Premières observations
« Après quatre récoltes, l’impression générale est bonne, commente M. Morineau. Globalement, les rendements ne sont pas impactés par ce mode de gestion en bandes. Ils sont plutôt toujours aussi bons. » Ce système a aussi permis de valider des pratiques en limitant l’influence climatique vu qu’il y a une forme de répétition dans la rotation avec une année de décalage. D’un point de vue biodiversité et développement de services écosystémiques, le recul est encore faible mais il n’y a pas plus de dégâts en culture que dans les parcelles en conduite classique. « Nos observations montrent qu’il y a de la vie à tous moments grâce à ce système. Nous n’avons pas de suivi scientifique mais il serait intéressant d’avoir des informations quantitatives et qualitatives sur la biodiversité », ajoute M. Morineau. Un apiculteur a installé des ruches en lisière de cette parcelle et, selon ses dires, il a augmenté sa production de miel. La continuité et la diversité florales y sont certainement pour quelque chose. En bio, une attention toute particulière est évidemment portée sur le salissement. Tous les leviers sont employés pour limiter la pression : diversification des familles et espèces cultivées, associations de cultures, intégration d’espèces dites « nettoyantes » comme le sarrasin ou le chanvre, couverture du sol en continu, limitation du travail du sol et semis direct dès que possible. Surtout, le semis direct est effectué à 5-6 km/h, pas plus, afin d’éviter une remise en germination. Après quatre récoltes, la parcelle n’est globalement pas plus sale qu’une autre.
Enfin, pour ce qui est de l’organisation du travail, à l’heure actuelle, les bouts de champs et bordures ne sont pas pleinement satisfaisants. « Ils sont un peu la bête noire de la pratique.

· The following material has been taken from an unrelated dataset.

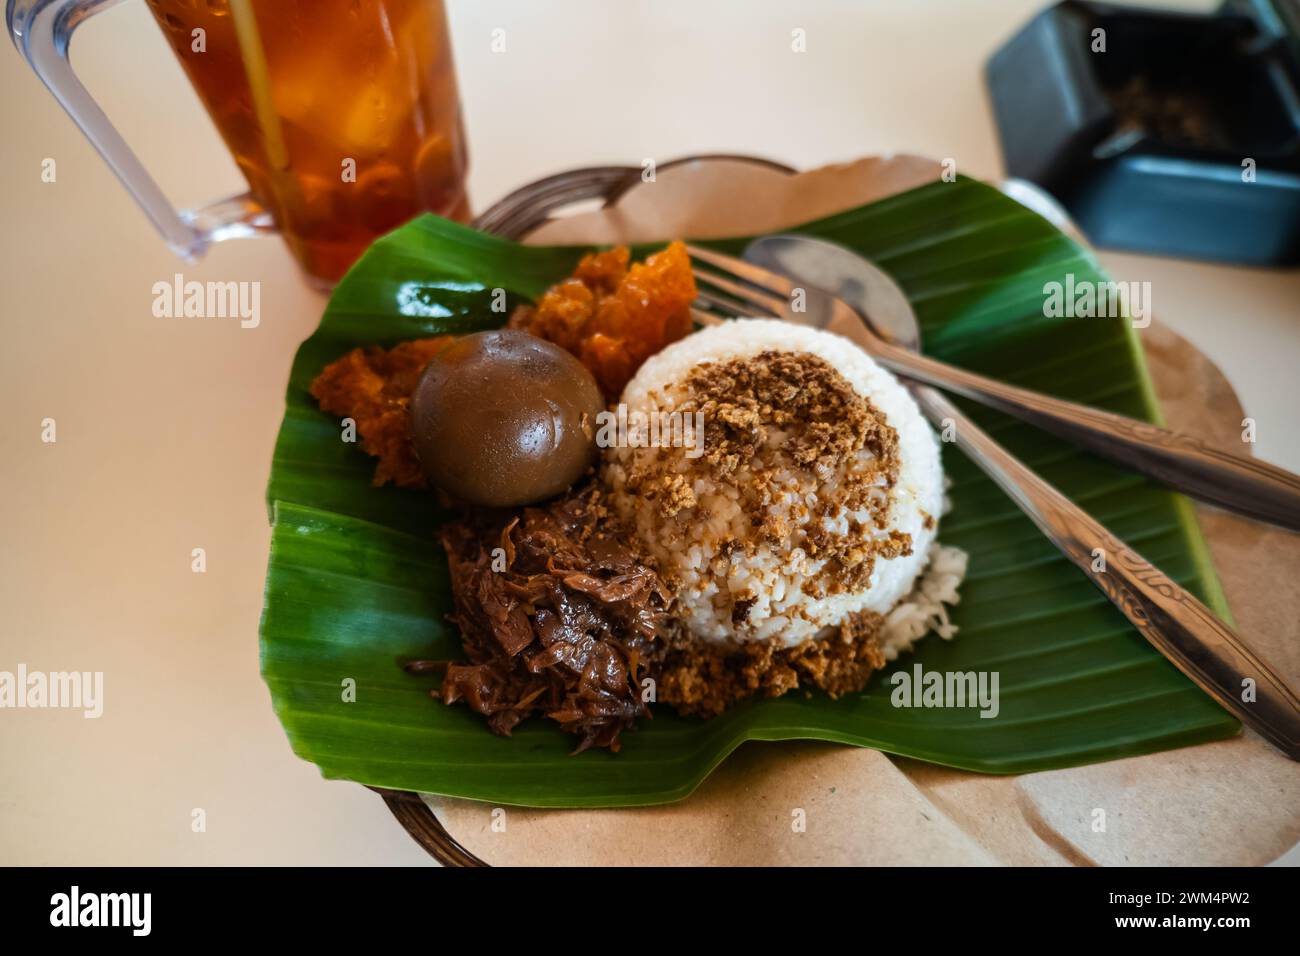 Gudeg, a famous dish from Yogjakarta, Indonesia at street food restaurant Stock Photo

Une grande bande enherbée est mise en place du côté de la ferme. De l’autre côté, c’est une des espèces cultivées qui est en place mais le passage du matériel entraîne des pertes de rendement dans cette zone », commente M. Morineau. La gestion de la bordure entre chaque bande peut aussi apporter quelques difficultés avec des risques de pollutions croisées, notamment avec le ray-grass qui était déjà un des soucis de la ferme avant le passage en bio. Cette gestion en bandes, même si elle n’est pas sans difficultés, est déjà une réussite avec des résultats techniques qui sont au rendez-vous. Sans vraiment de comparaisons et de résultats, il est difficile d’attester l’impact bénéfique sur la biodiversité, même si quelques indicateurs semblent positifs. La question se pose aujourd’hui de la transférer à d’autres parcelles de l’exploitation.